Dear Amy: Last summer my niece come to stay with me. She was 18.
I could tell that one of my adult friends, "Stan," was attracted to her, so I asked him not to have sex with her.
A few months later, my niece told me that Stan had sex with her and that she was uncomfortable with it. She asked me not to mention it to him. Finally, she told me that she had worked it out and that they had stopped.
I was annoyed with Stan because I had specifically asked him not to do this. He said it was unfair of me to ask him, since she was not a minor.
I told him it would have been better if he had spoken to me about it instead of me having to find out about it from my niece, who is upset. It has really affected my relationship with "Stan." He says if he had to do it over again, he would do the same.
Amy says: Your tone conveys a sense of ownership, rather than concern, regarding this teenager.
You are not your niece's sexual gatekeeper. On the other hand, you cast your friend as a predator, and your concern obviously has been well placed.

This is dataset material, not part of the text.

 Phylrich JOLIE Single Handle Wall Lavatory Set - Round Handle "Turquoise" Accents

But shouldn't you have talked to your niece about this in advance, instead of wasting your breath on him?
Your attention should be focused on your niece. She is obviously (and understandably) confused. Is she OK? Is this OK? She might not know, and rather than dictating to her, you should be as nonjudgmental as possible.
Talk to her about consent. She has the right to decide what she wants to do, sexually. If she doesn't consent, her choice must be respected, and if she didn't consent, she has the right to go to the police.

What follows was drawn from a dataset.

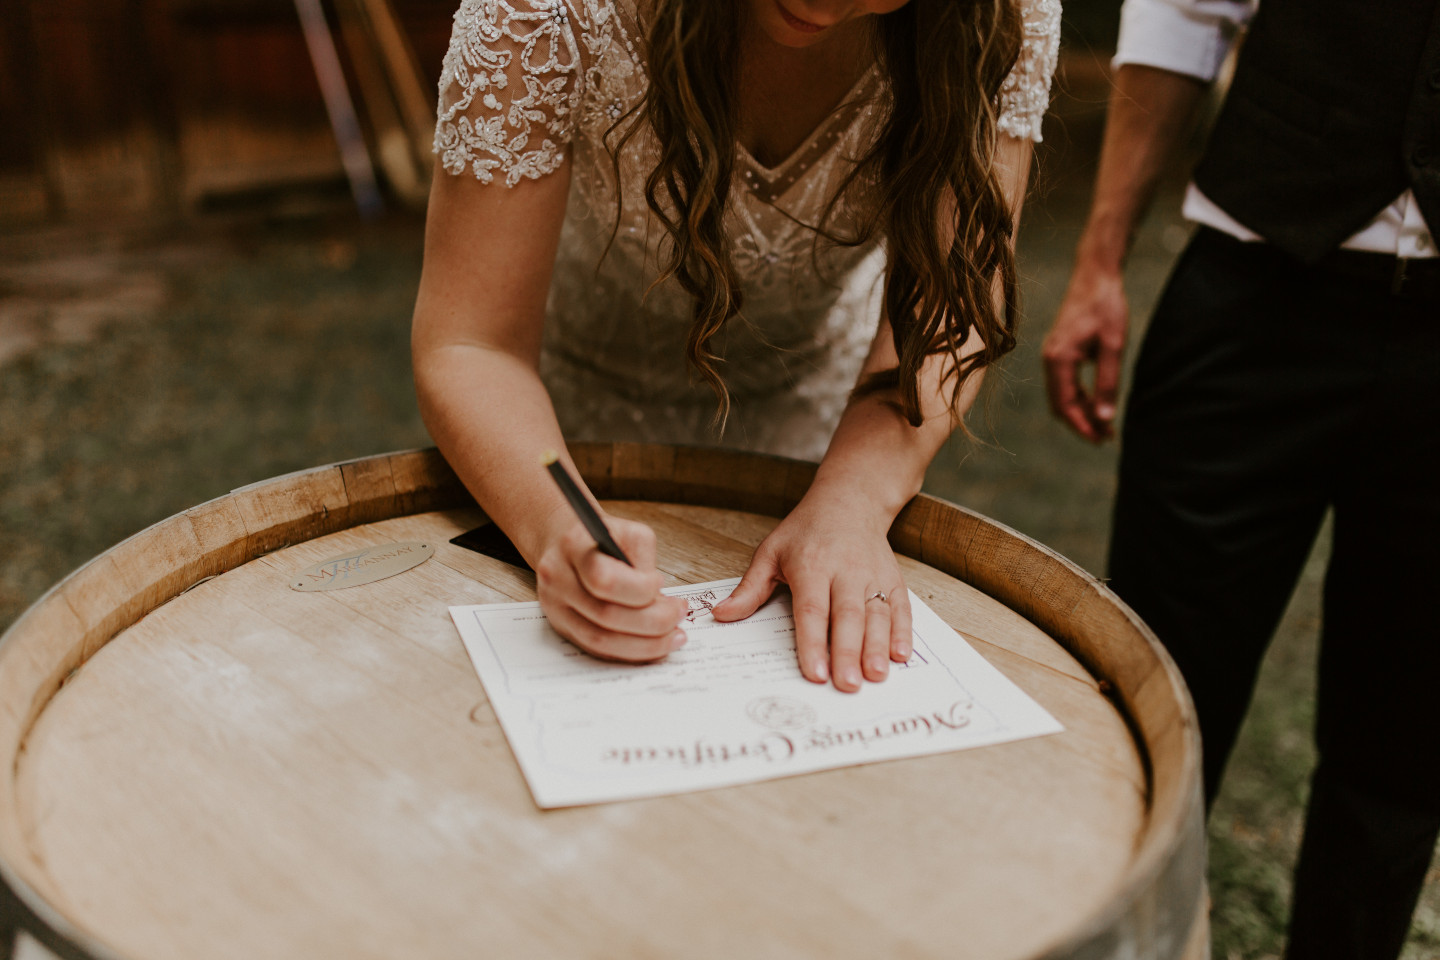 Hannah and Dan sign their marriage certificate in Corvallis, Oregon. Intimate wedding photography in Corvallis Oregon by Sienna Plus Josh.

In terms of possibly repairing your relationship with "Stan," I can't imagine why you would want to. Even if his behavior wasn't illegal, unethical or even any of your business — if you don't like hanging out with an unrepentant horn dog, then there is no reason to maintain the friendship.
Friend has wandering hands
Dear Amy: My friend and her family help me out with projects around my house.
Recently her husband has developed "wandering hands."
I give everyone a hug and thank them before they leave, and he has started grabbing my backside when I hug him. It makes me angry and uncomfortable. I've told him numerous times to stop and have threatened to tell his wife.
He says I won't. It's a sticky situation, as his wife is ill and I can't imagine adding more to her already full plate. I'm also afraid she won't believe me and that it will be the end of our friendship.
I've never given him reason to believe that I'm even remotely interested in him. How do I stop this unwelcome behavior?
Amy says: Hire someone else to help around the house. Keep your distance from this man. If he does this again, call him out immediately and in front of others.